▸ **THE PROBLEM**:
Answer with the exact lines of the following material from the one containing "Premierom Polski i" through the one containing "Das menschliche Gehirn", both end lines included.

▸ **RECORDED INFORMATION**:
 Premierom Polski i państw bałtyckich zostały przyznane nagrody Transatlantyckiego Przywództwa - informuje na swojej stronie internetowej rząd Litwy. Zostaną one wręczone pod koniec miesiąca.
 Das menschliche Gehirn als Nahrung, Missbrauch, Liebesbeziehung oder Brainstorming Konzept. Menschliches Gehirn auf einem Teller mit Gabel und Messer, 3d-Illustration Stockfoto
==
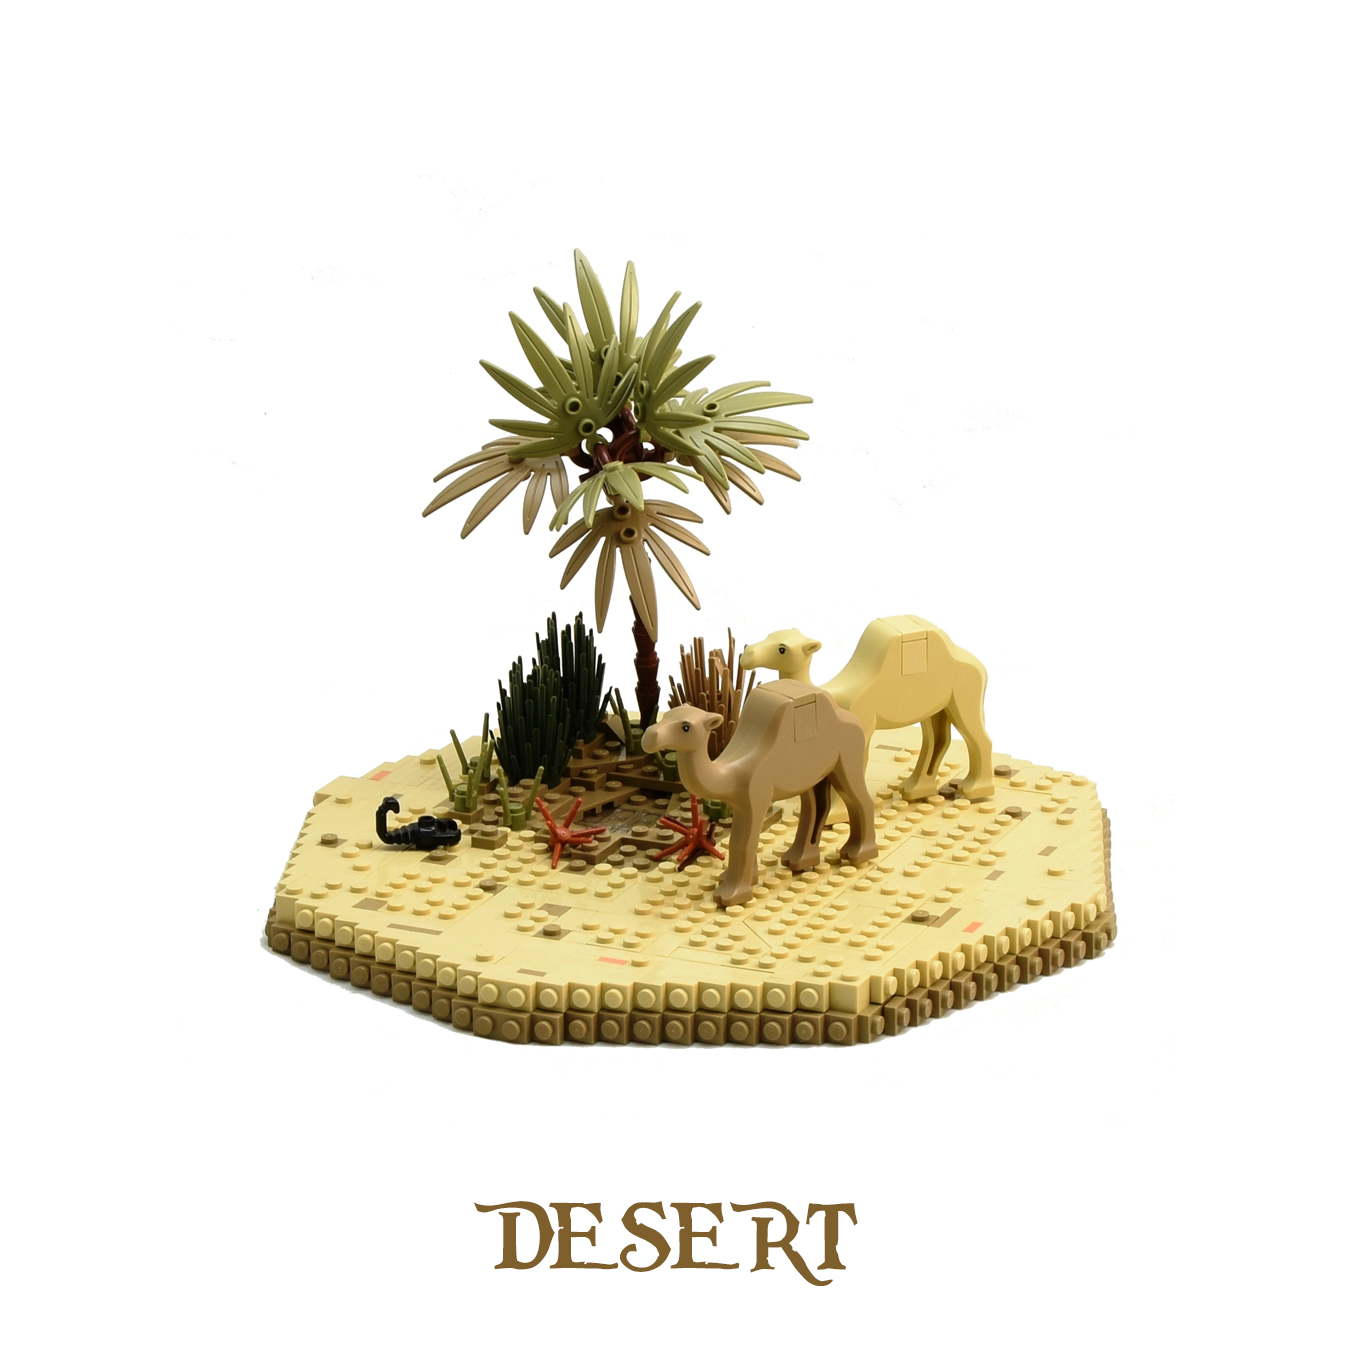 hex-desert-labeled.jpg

▸ **RESPONSE**:
 Premierom Polski i państw bałtyckich zostały przyznane nagrody Transatlantyckiego Przywództwa - informuje na swojej stronie internetowej rząd Litwy. Zostaną one wręczone pod koniec miesiąca.
 Das menschliche Gehirn als Nahrung, Missbrauch, Liebesbeziehung oder Brainstorming Konzept. Menschliches Gehirn auf einem Teller mit Gabel und Messer, 3d-Illustration Stockfoto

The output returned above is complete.